━━━ INFORMATION SUPPLIED
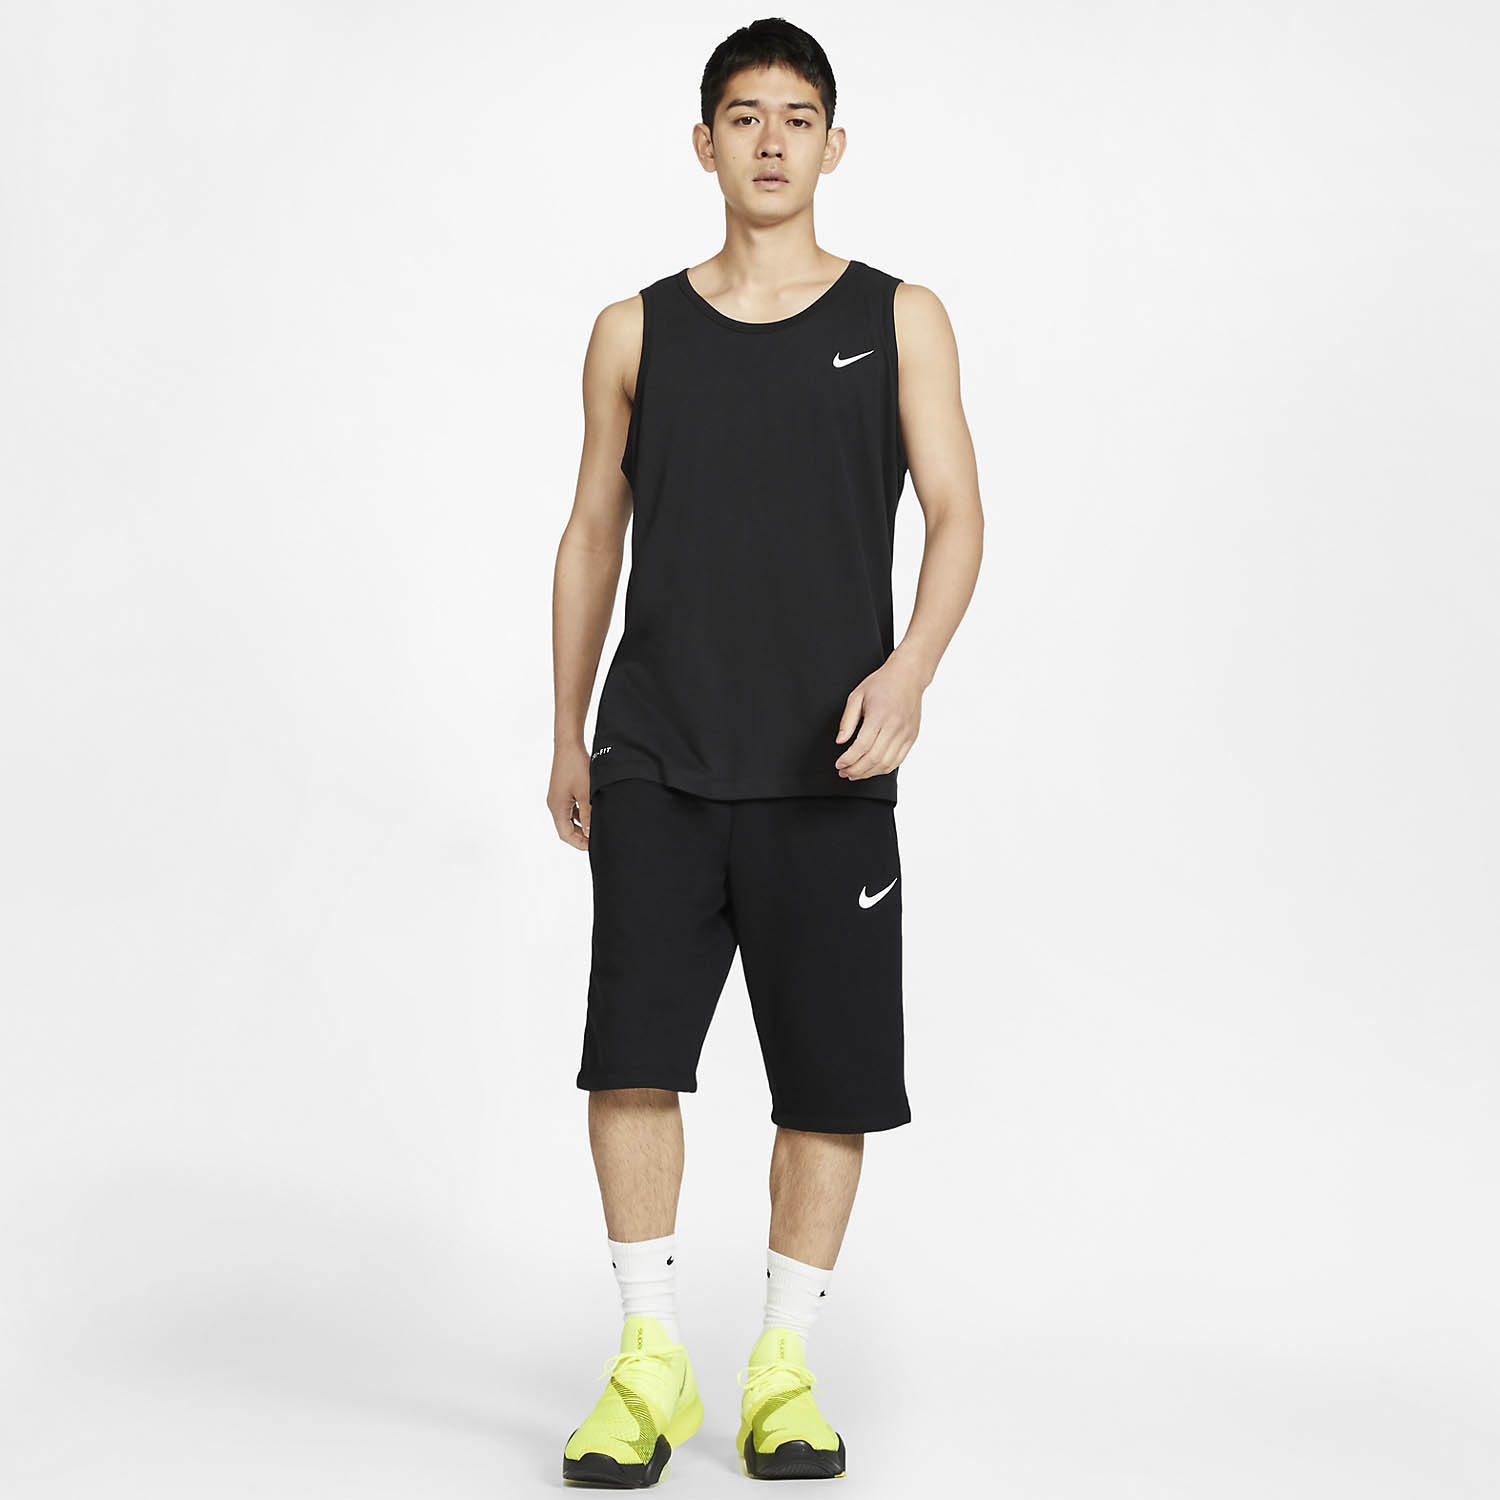 Nike Solid Dri-FIT Top - Black/White
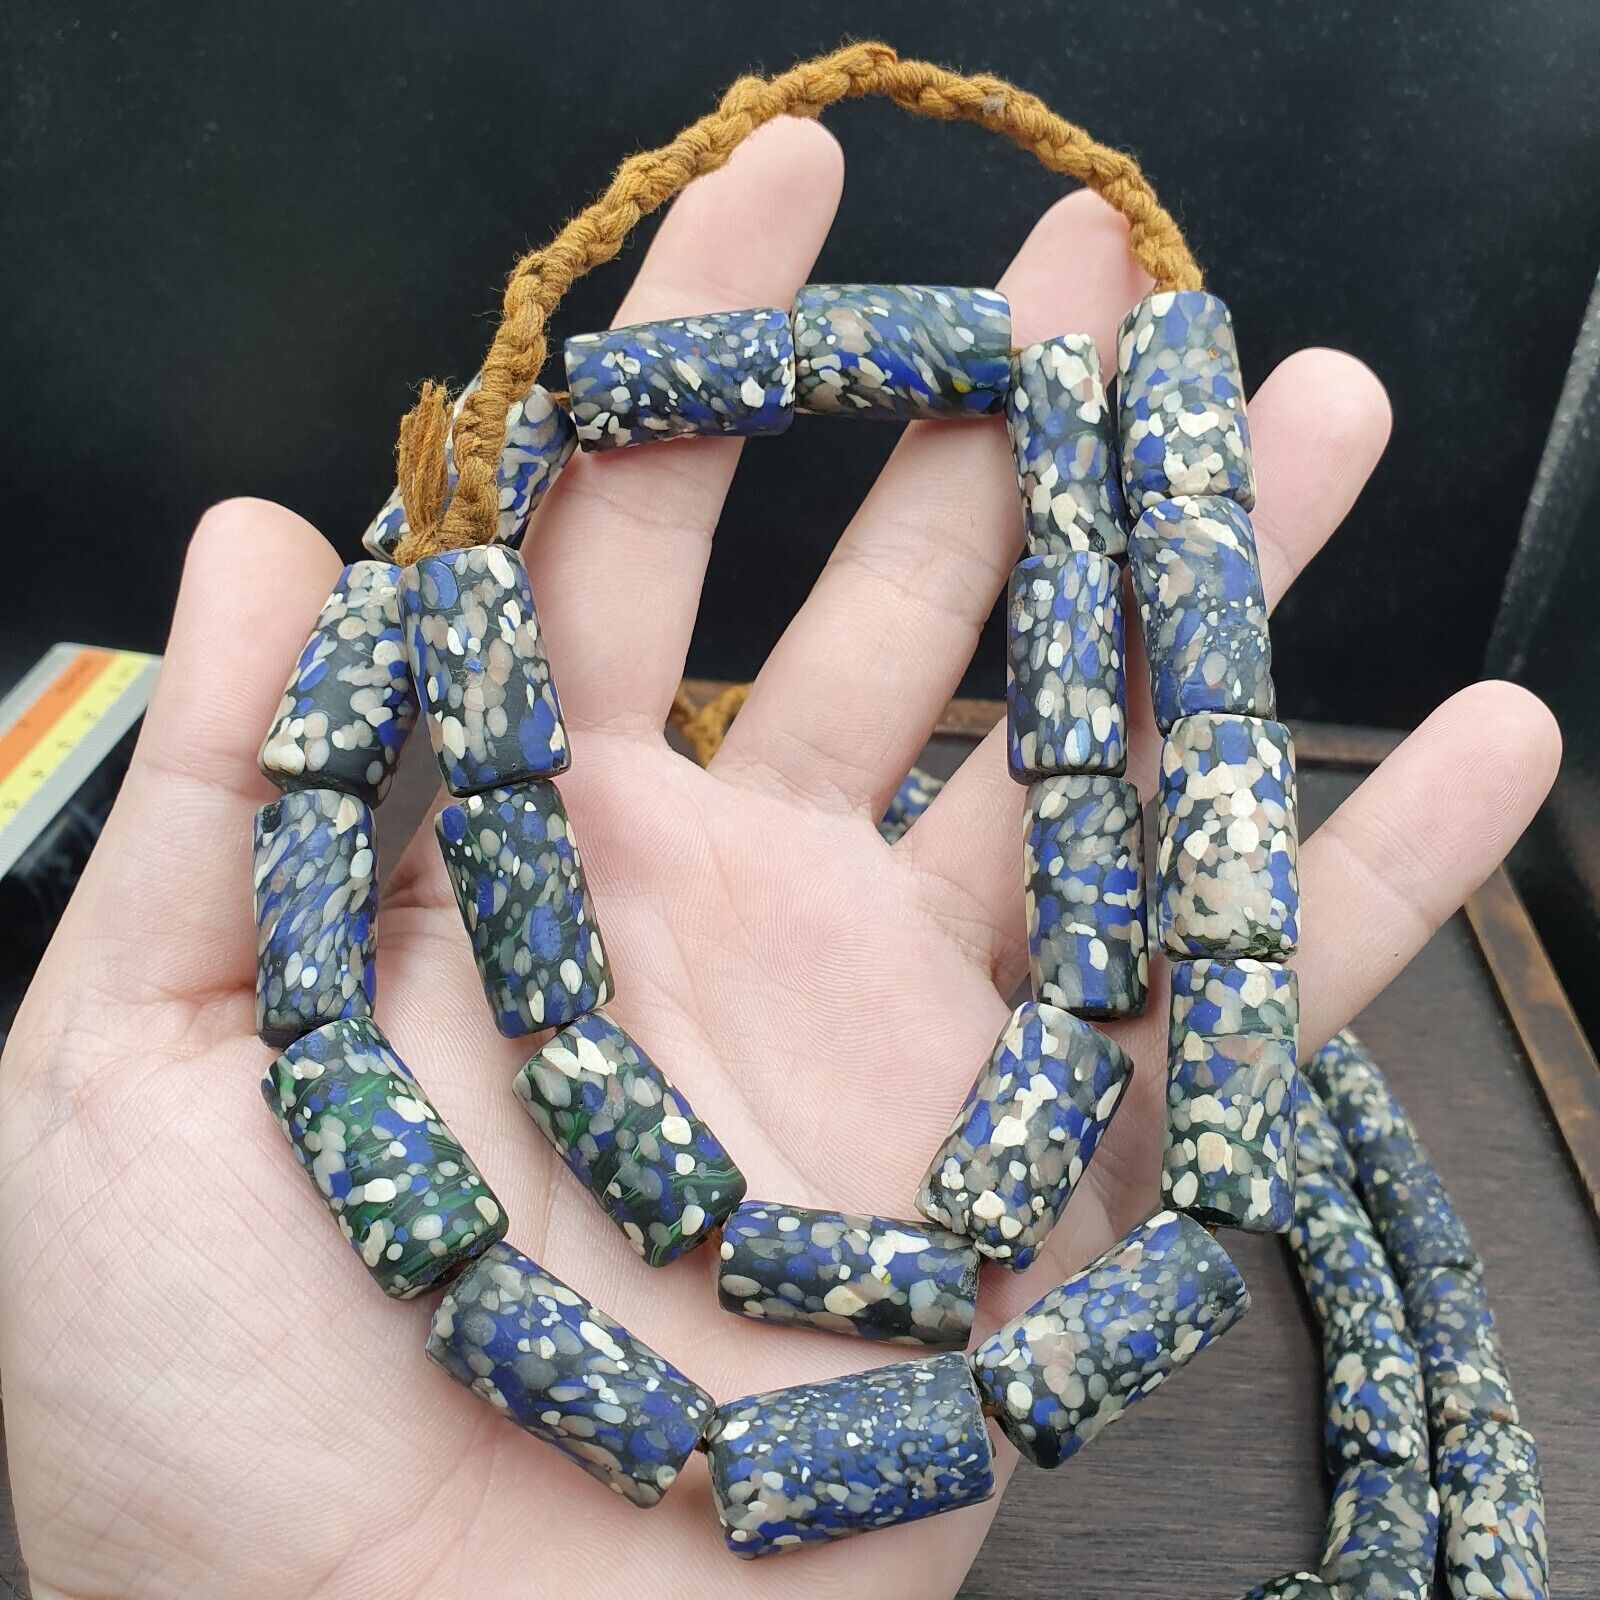 Vintage Blue, white ART Fancy GLASS beads necklace
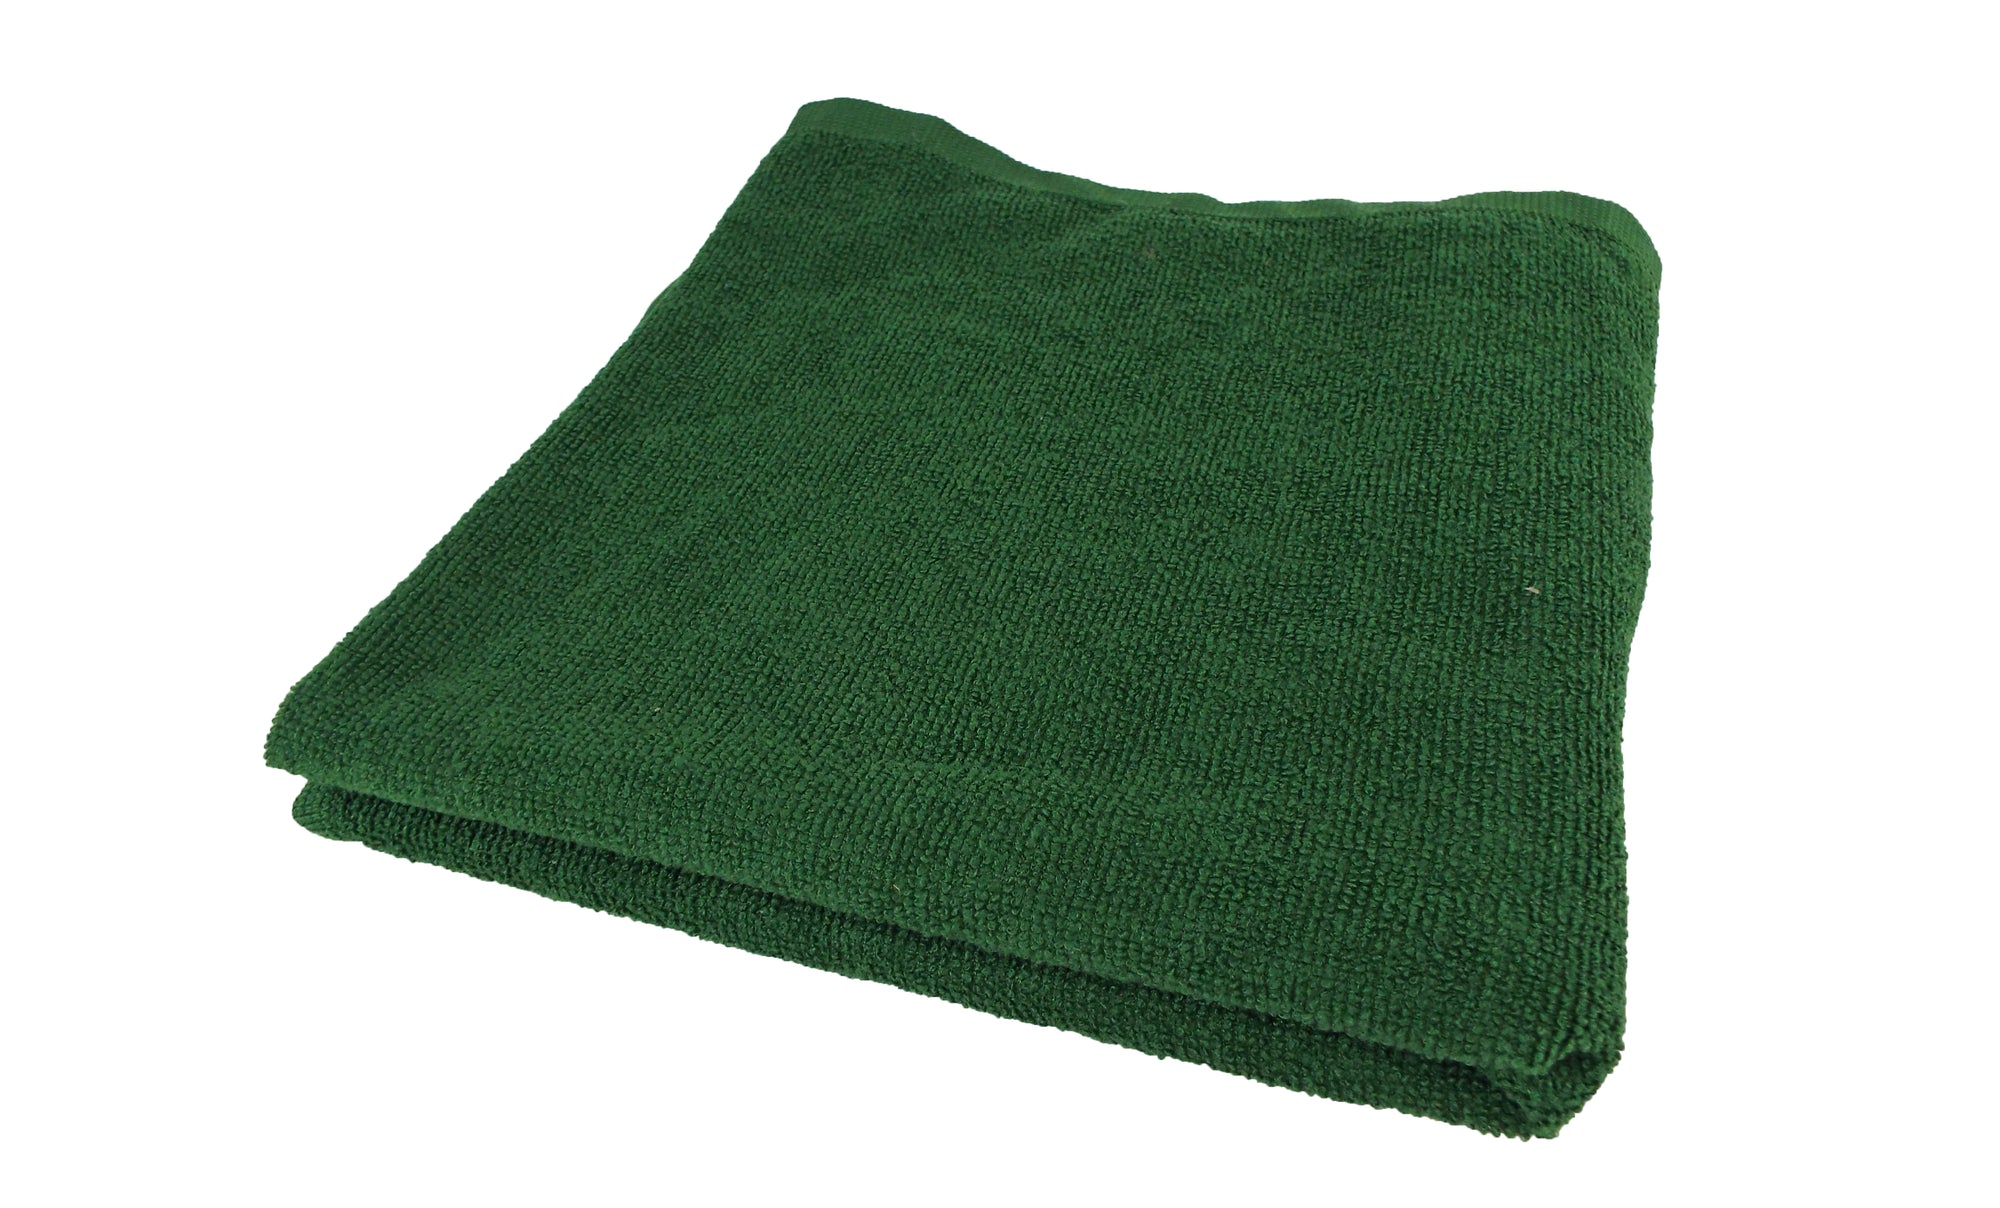 British Army - Small Green Hand Towel - Grade 1
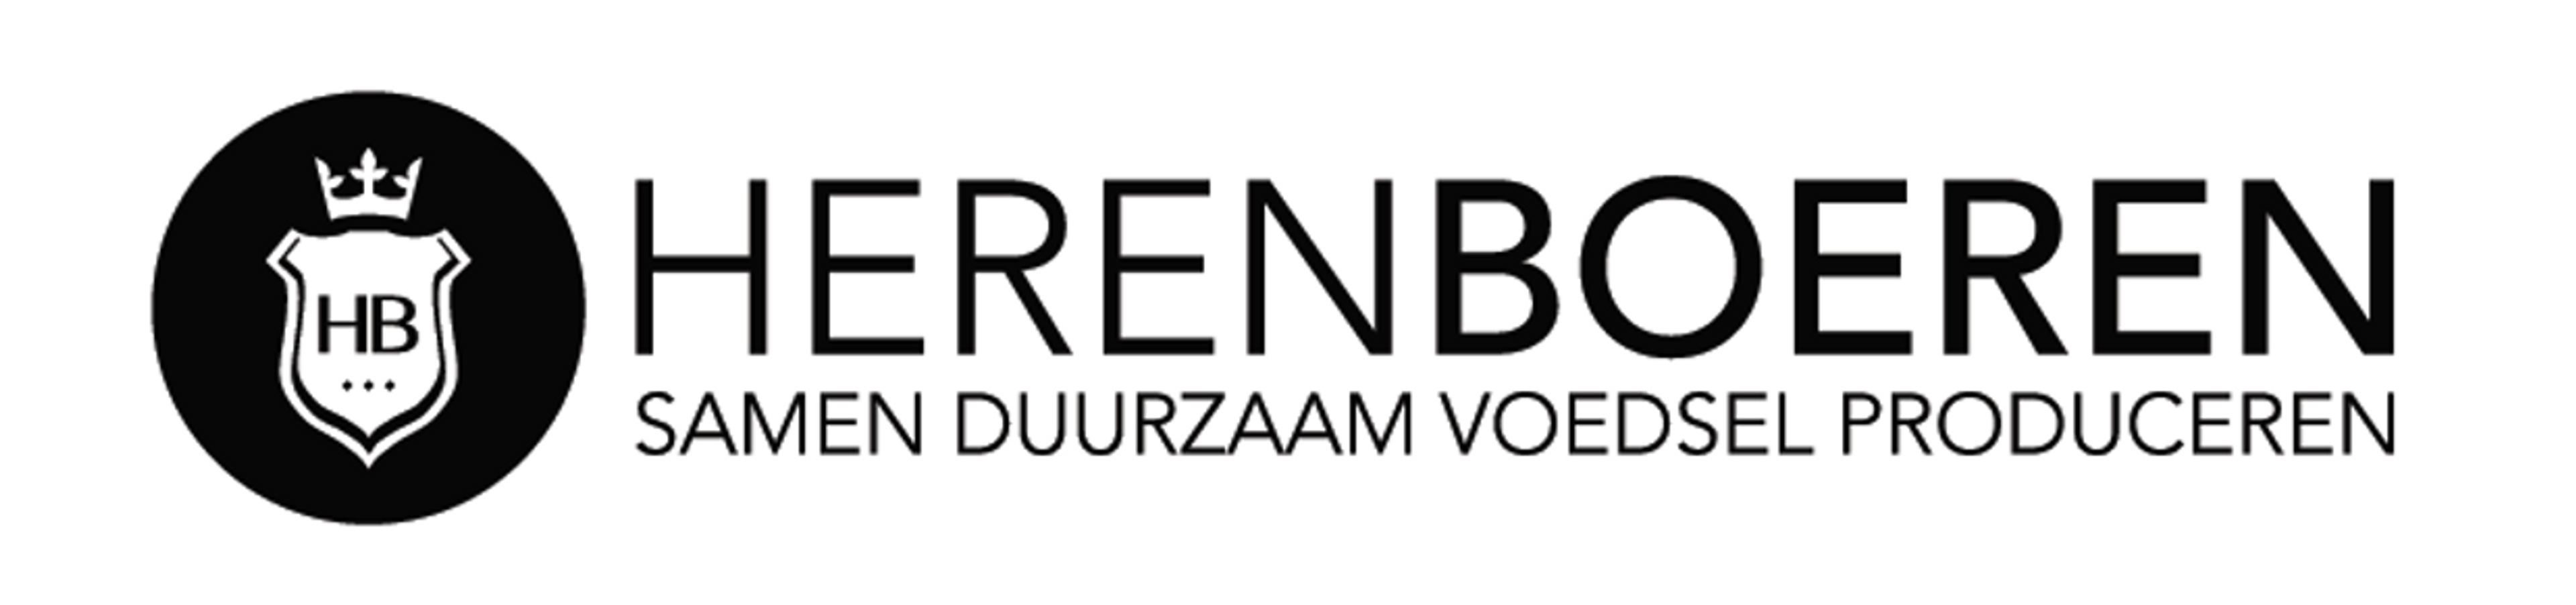 Herenboeren NL logo
━━━━━━
- [WHAT TO WORK ON] Write every line above again exactly, but leave the pictures out.

- [YOUR RESPONSE]
 Nike Solid Dri-FIT Top - Black/White
 Vintage Blue, white ART Fancy GLASS beads necklace
 British Army - Small Green Hand Towel - Grade 1
 Herenboeren NL logo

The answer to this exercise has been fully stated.